STAT3 inhibition sensitizes SW837 cells to chemoradiotherapy in vivo. (a) Tumor size was measured thrice weekly to calculate the respective tumor volume during the administration of 5-FU and radiation therapy. While the tumor volume of DMSO-treated mice (n = 10) remained relatively stable, the tumor volume of STATTIC-treated mice (n = 12) decreased significantly over time (P = 0.046, linear mixed effects model). (b) With respect to the body weight, there was no significant difference between both groups. (c) All mice were monitored until the tumor volume exceeded 900 mm³ (start volume ×2).
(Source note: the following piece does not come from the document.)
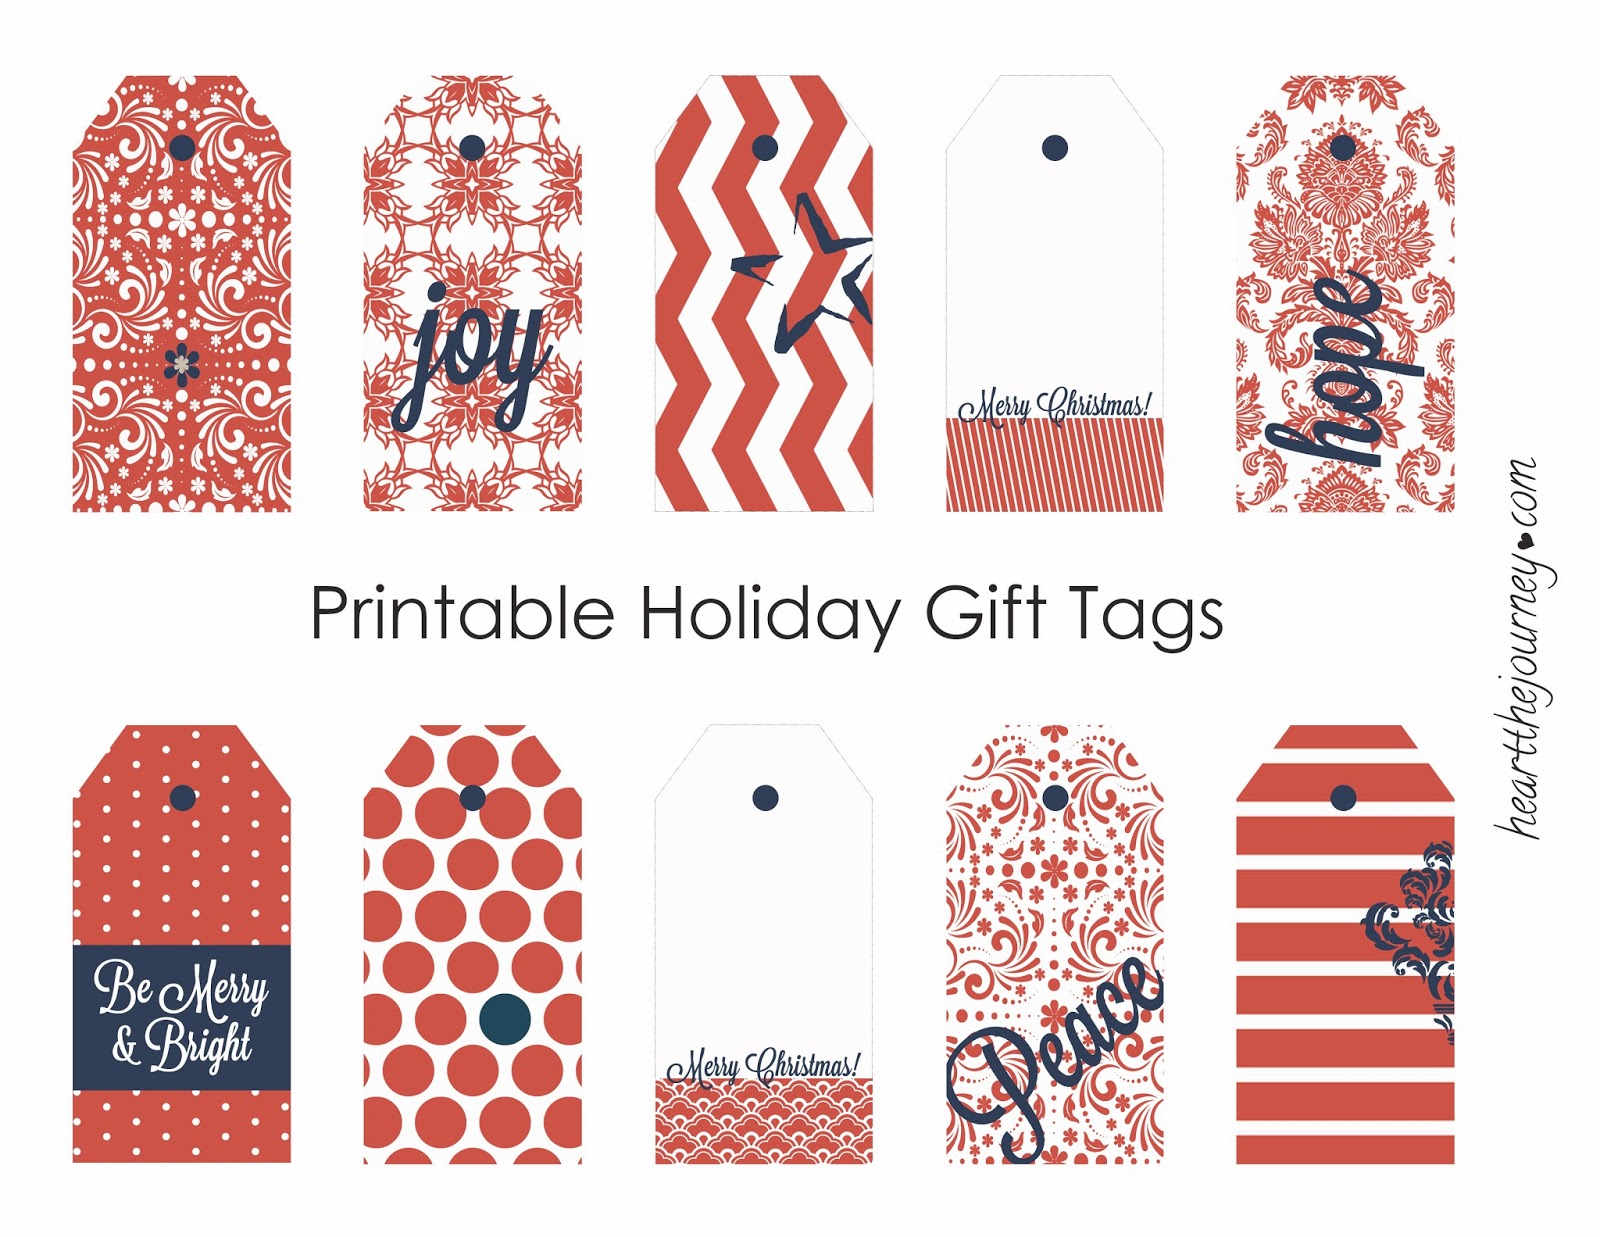 heartthejourney-diy-free-printable-holiday-gift-tags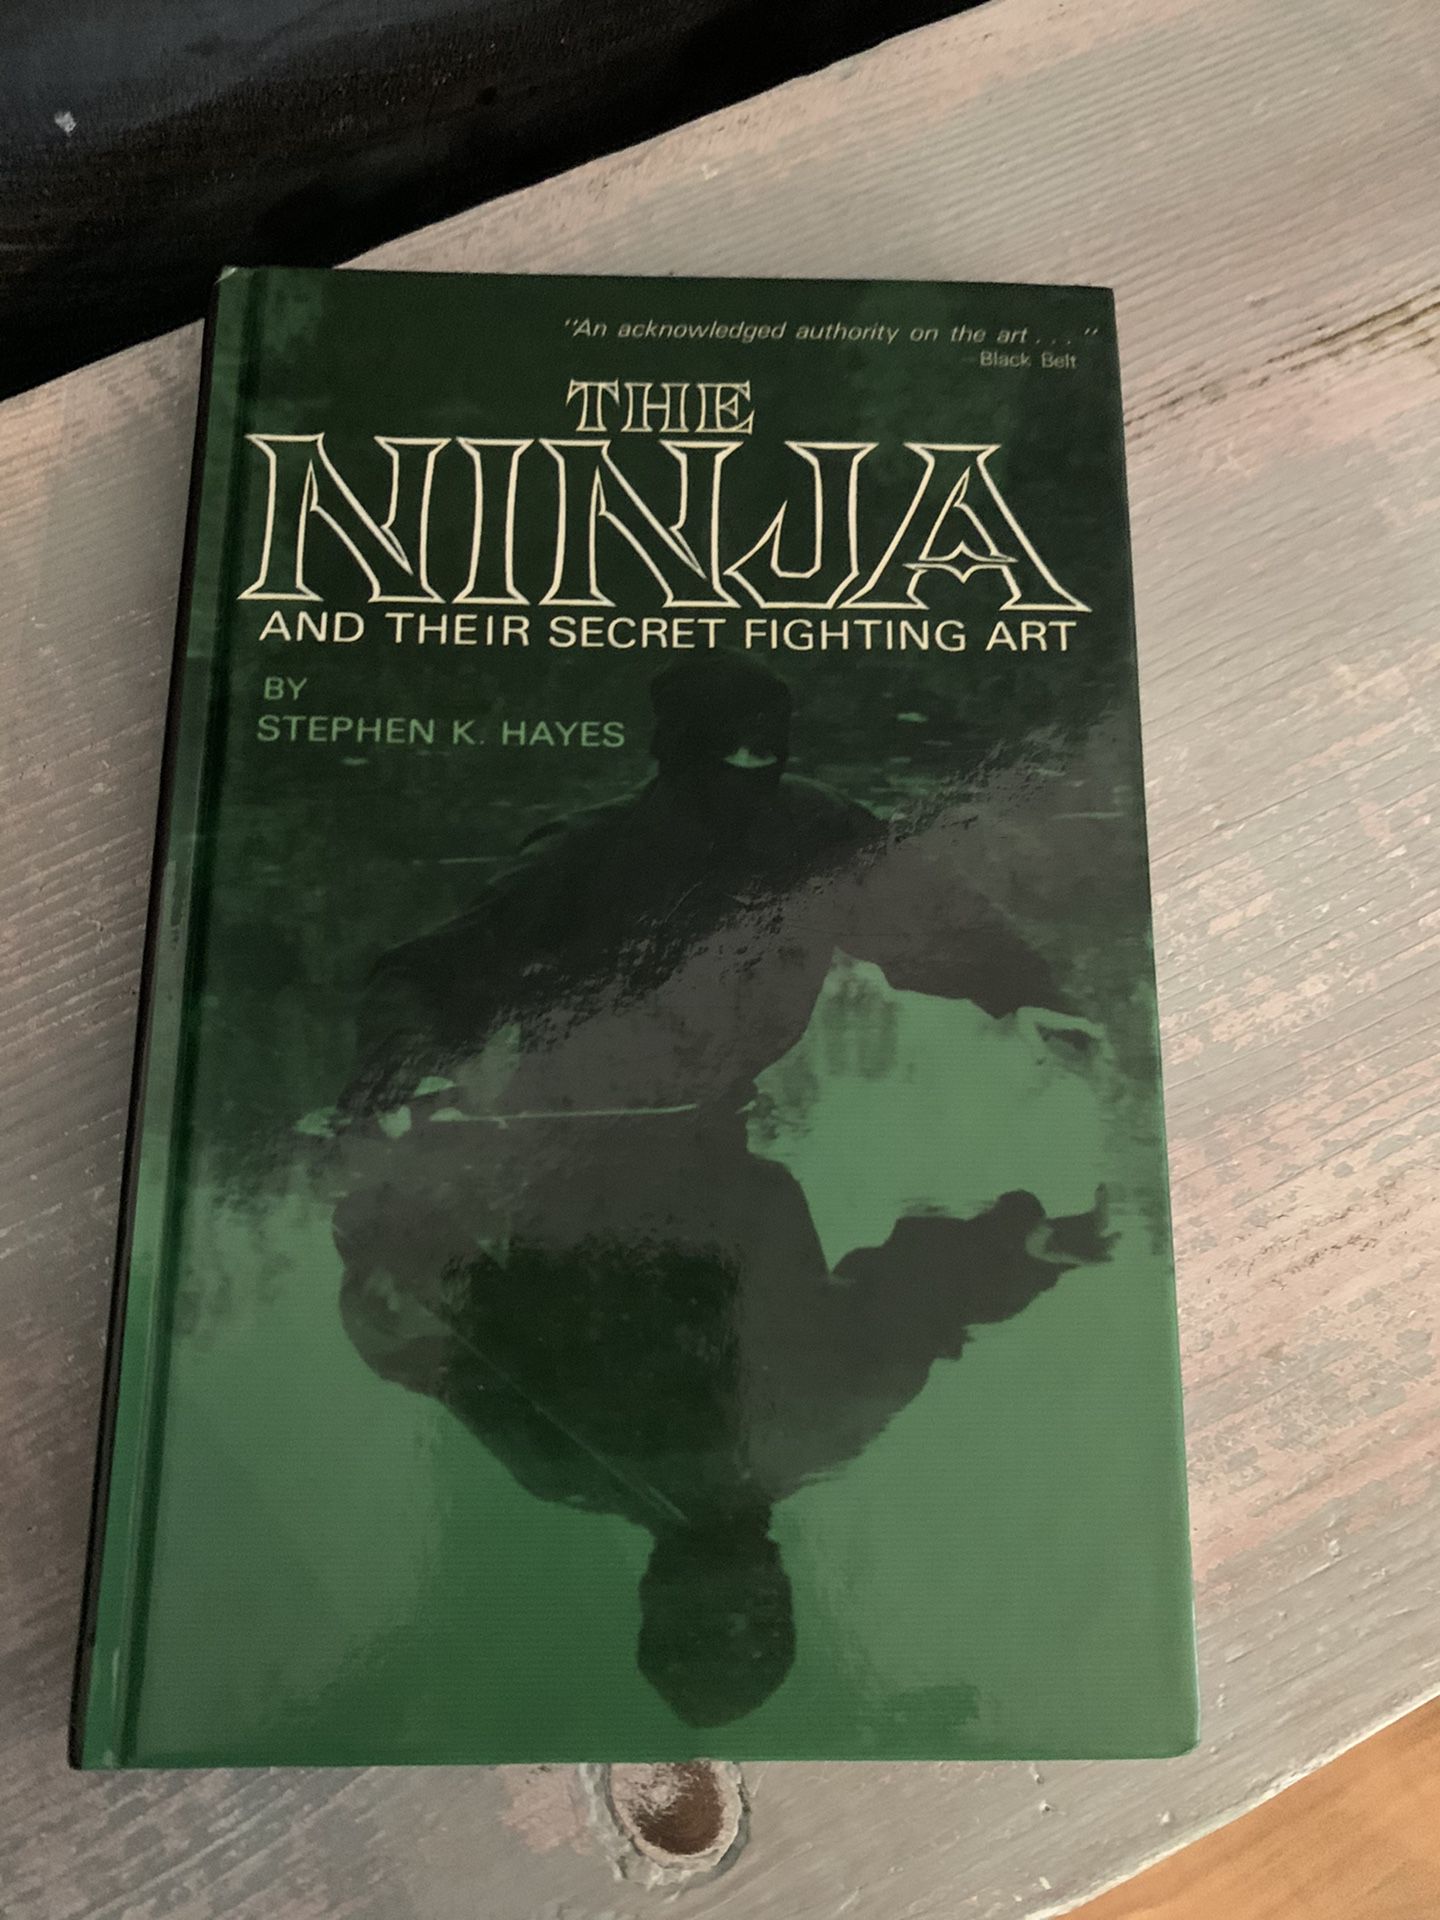 The Ninja Fighting Art Book

Tumor regrowth was significantly delayed in STATTIC-treated mice compared with control animals (P = 2.8 10⁻⁶, linear mixed effects model). (d) Kaplan–Meier curves were calculated to evaluate a potential survival benefit for mice under STATTIC treatment. The median survival for the DMSO group was 45.5 days, compared to 64.0 days for the STATTIC group, indicating a clear survival benefit for STATTIC-treated mice (P = 0.0137; hazard ratio = 0.33, 95% confidence interval: 0.13–0.83).